Munroe pitched his idea before a live studio audience and a jury of national and local film professionals for The Block, one of the ways Oolite Arts seeks to build a pipeline of local filmmakers. With stories from Hialeah to Westchester and the waters off Coconut Grove, each of the finalists received a cash prize for their film – with a total of $32,000 invested in the documentaries.
“Miami is a city of stories, and winners of The Block are helping to shine a light on them all over our county. We’re delighted to be able to give them the support they need to bring these stories to our screens,” said Dennis Scholl, Oolite Arts’ president and CEO.
All of the finalists will receive access to the Lynn and Louis Wolfson II Florida Moving Image Archive.The top three winners will receive help making their films from the University of Miami School of Communication’s Department of Cinema and Interactive Media. The Lynn and Louis Wolfson II Family Foundation is the lead sponsor for this program.
"By supporting these filmmakers, we're supporting the communities whose stories they're sharing,” said Jason Fitzroy Jeffers, Oolite Arts’ Cinematic Arts program manager. “Homegrown films such as these allow us to understand ourselves and our neighbors across Miami more deeply."
The other winners, and their award amounts, are as follows:
Guadalupe Figueras, for “Isle of Mine” ($8,000)
What is it like to come of age on an island threatened by the effects of climate change?

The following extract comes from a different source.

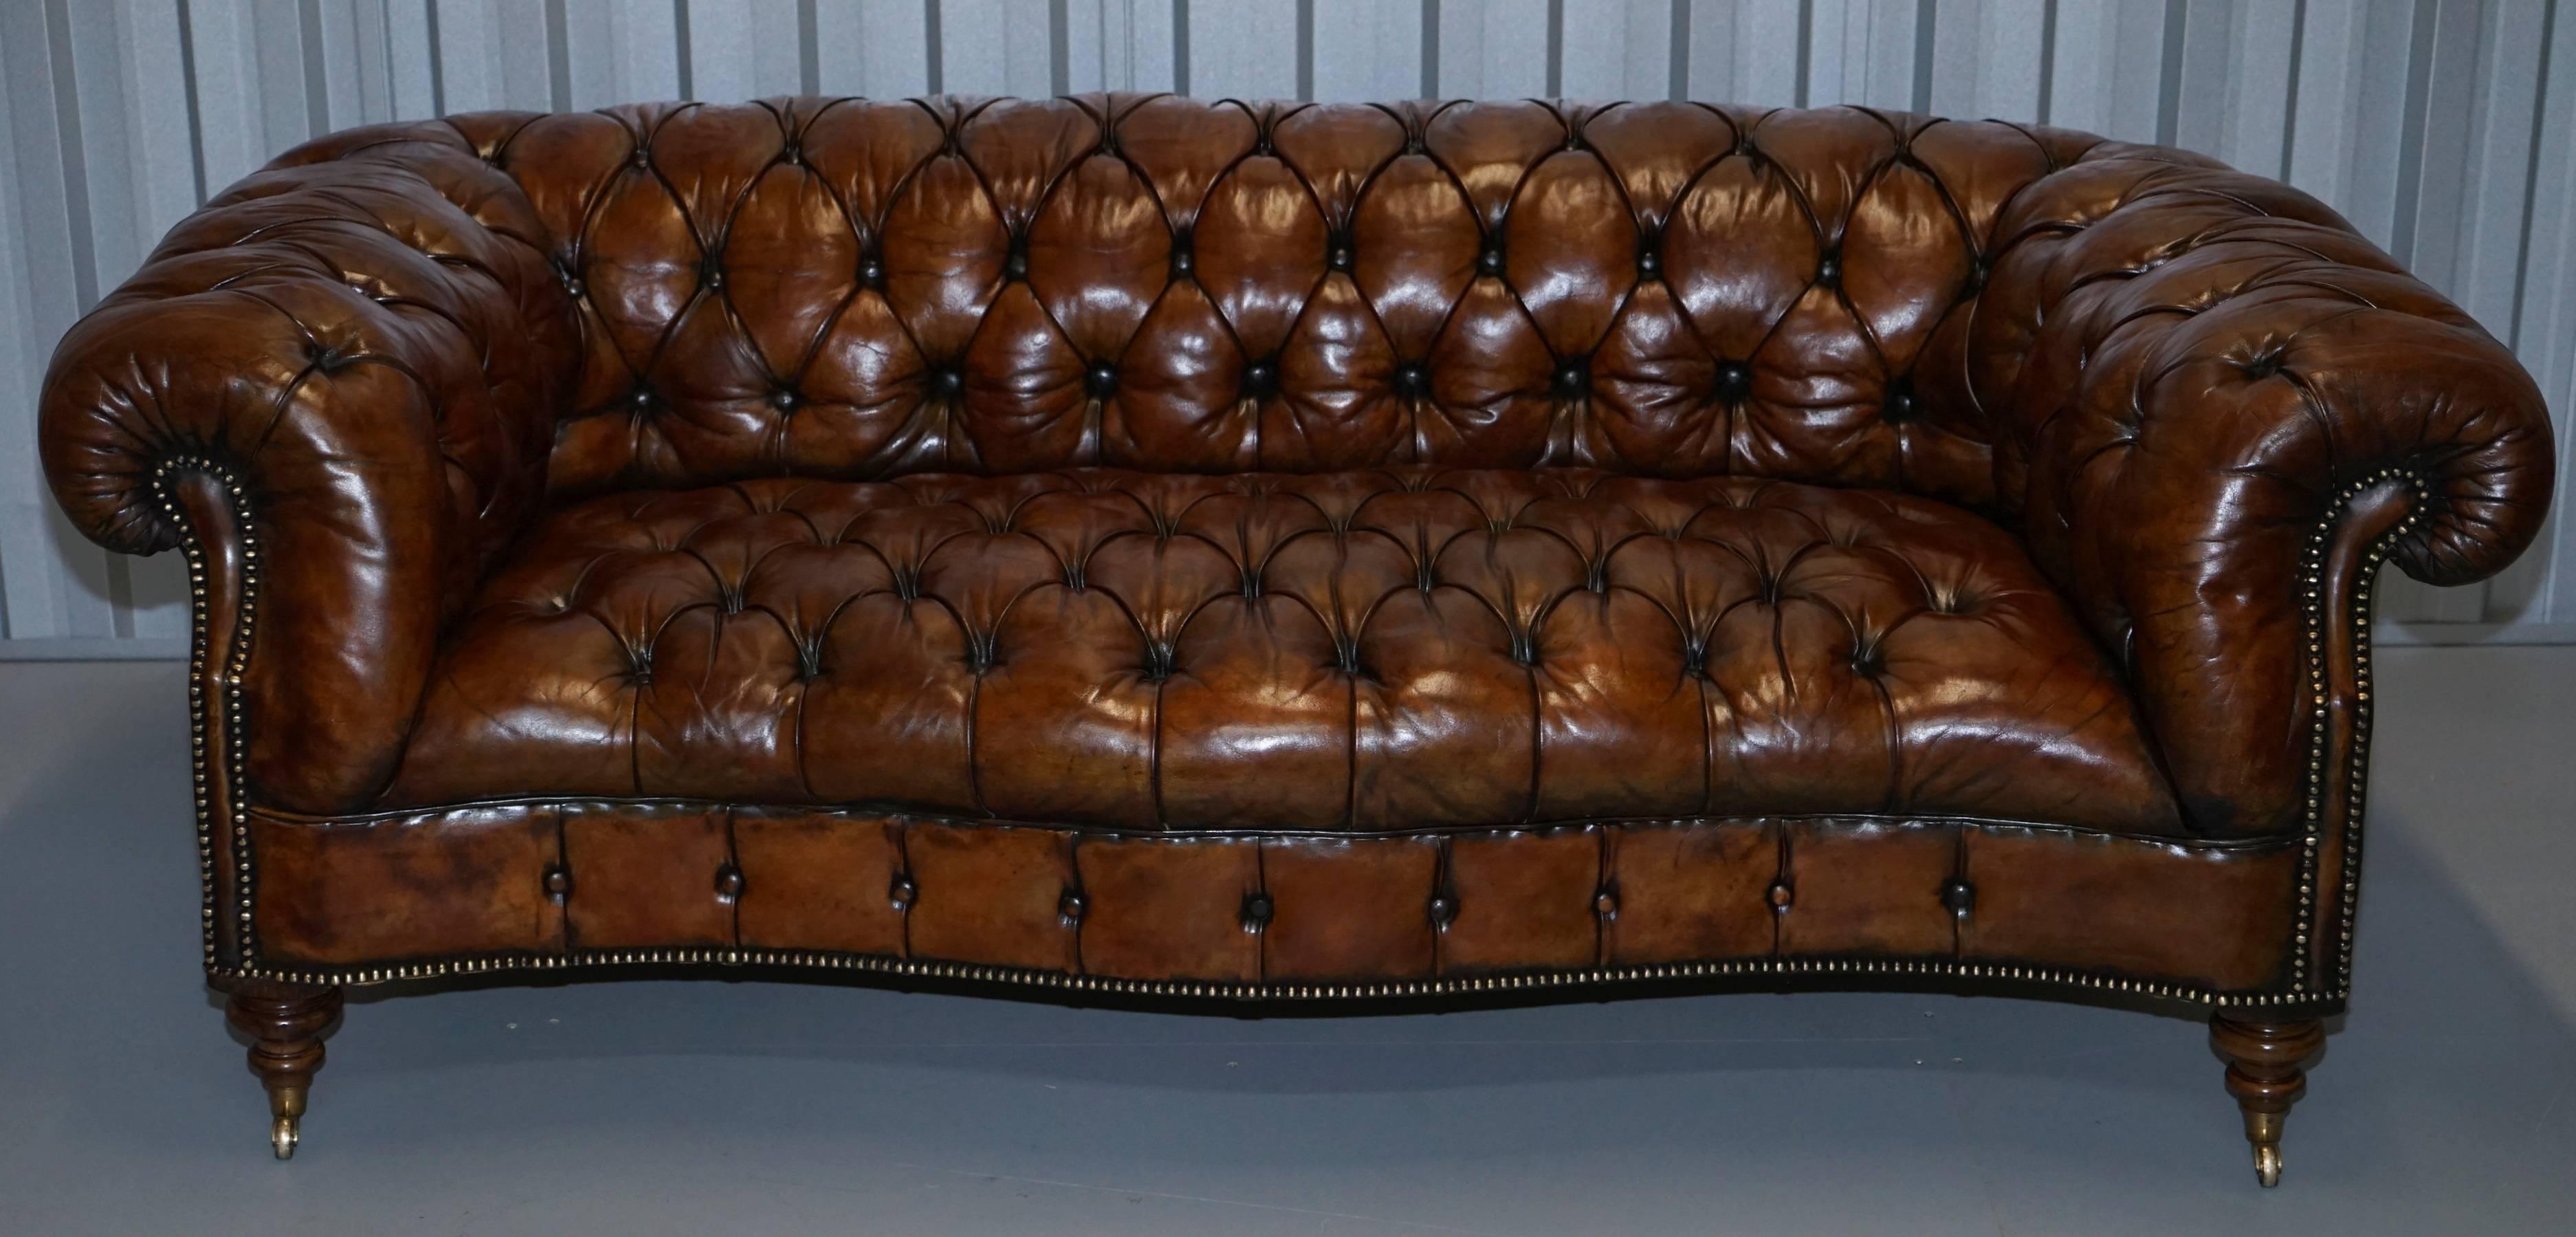 Great Britain (UK) Pair of Victorian Howard & Sons Style Serpentine Fronted Chesterfield Club Sofas

A group of Normandy Isle children explore their own future, by reconstructing an exact replica of their neighborhood on the gaming platform Minecraft. In this virtual world, the children rehearse future scenarios of climate change-induced disasters, in a telling re-enactment of their own trauma following Hurricane Irma. The mixed media documentary “Isle of Mine” will provide a way for them to express their feelings about the future, while imagining other possible solutions and outcomes for their hometown.
Ariana Hernández-Reguant, for “Seminola, Hialeah” ($6,000)
Every two years on a summer Saturday, the descendants of Seminola’s original settlers gather at the Hialeah neighborhood’s central green for Cotson Day, a celebration of community and history. Once a vibrant community of about 2,500 African Americans, the neighborhood has been decimated in recent years. The film will document this history, and follow past and current residents preparing for the big day.
Annik Adey-Babinski, for “Mooring” ($2,000)
For more than 30 years, 500-plus residents have called the mooring field and anchorage off Dinner Key Marina home. After monster storm Irma shredded docks and sank boats in 2017, landlubbing city officials left the community bobbing in disrepair. In “Mooring,” Mike and fellow liveaboards will reflect on the current state of the neighborhood and its storied past, and face the precarious future of their unique community.
Vincent Rives, for “El Afilador” ($2,000)
El Afilador– the knife sharpener – drives around the neighborhood in what appears to be an ice cream truck, complete with its own jingle. Yet a muffled voice blares from the speakerphone, offering the man’s services as a knife sharpener. To those not from the Westchester area, it sounds unusual. Why is this man sharpening knives in his truck? Locals know the man has brought a humble blue collar job from Cuba to the United States, and is, just like everyone else, trying to make a living.
In addition to the five finalists, the following filmmakers earned a special jury mention for their submissions, and will receive $1,000 for their projects: Daniel Rivero, Vanessa Charlot, Nicole Martinez, Alicia Edwards, Nadia Tahoun and Matthew Abad.
The Block is part of Oolite Arts’ new Cinematic Arts Program, which provides training and opportunities for local filmmakers, including a Cinematic Arts Residency which offers funding for filmmakers to make a microbudget narrative film.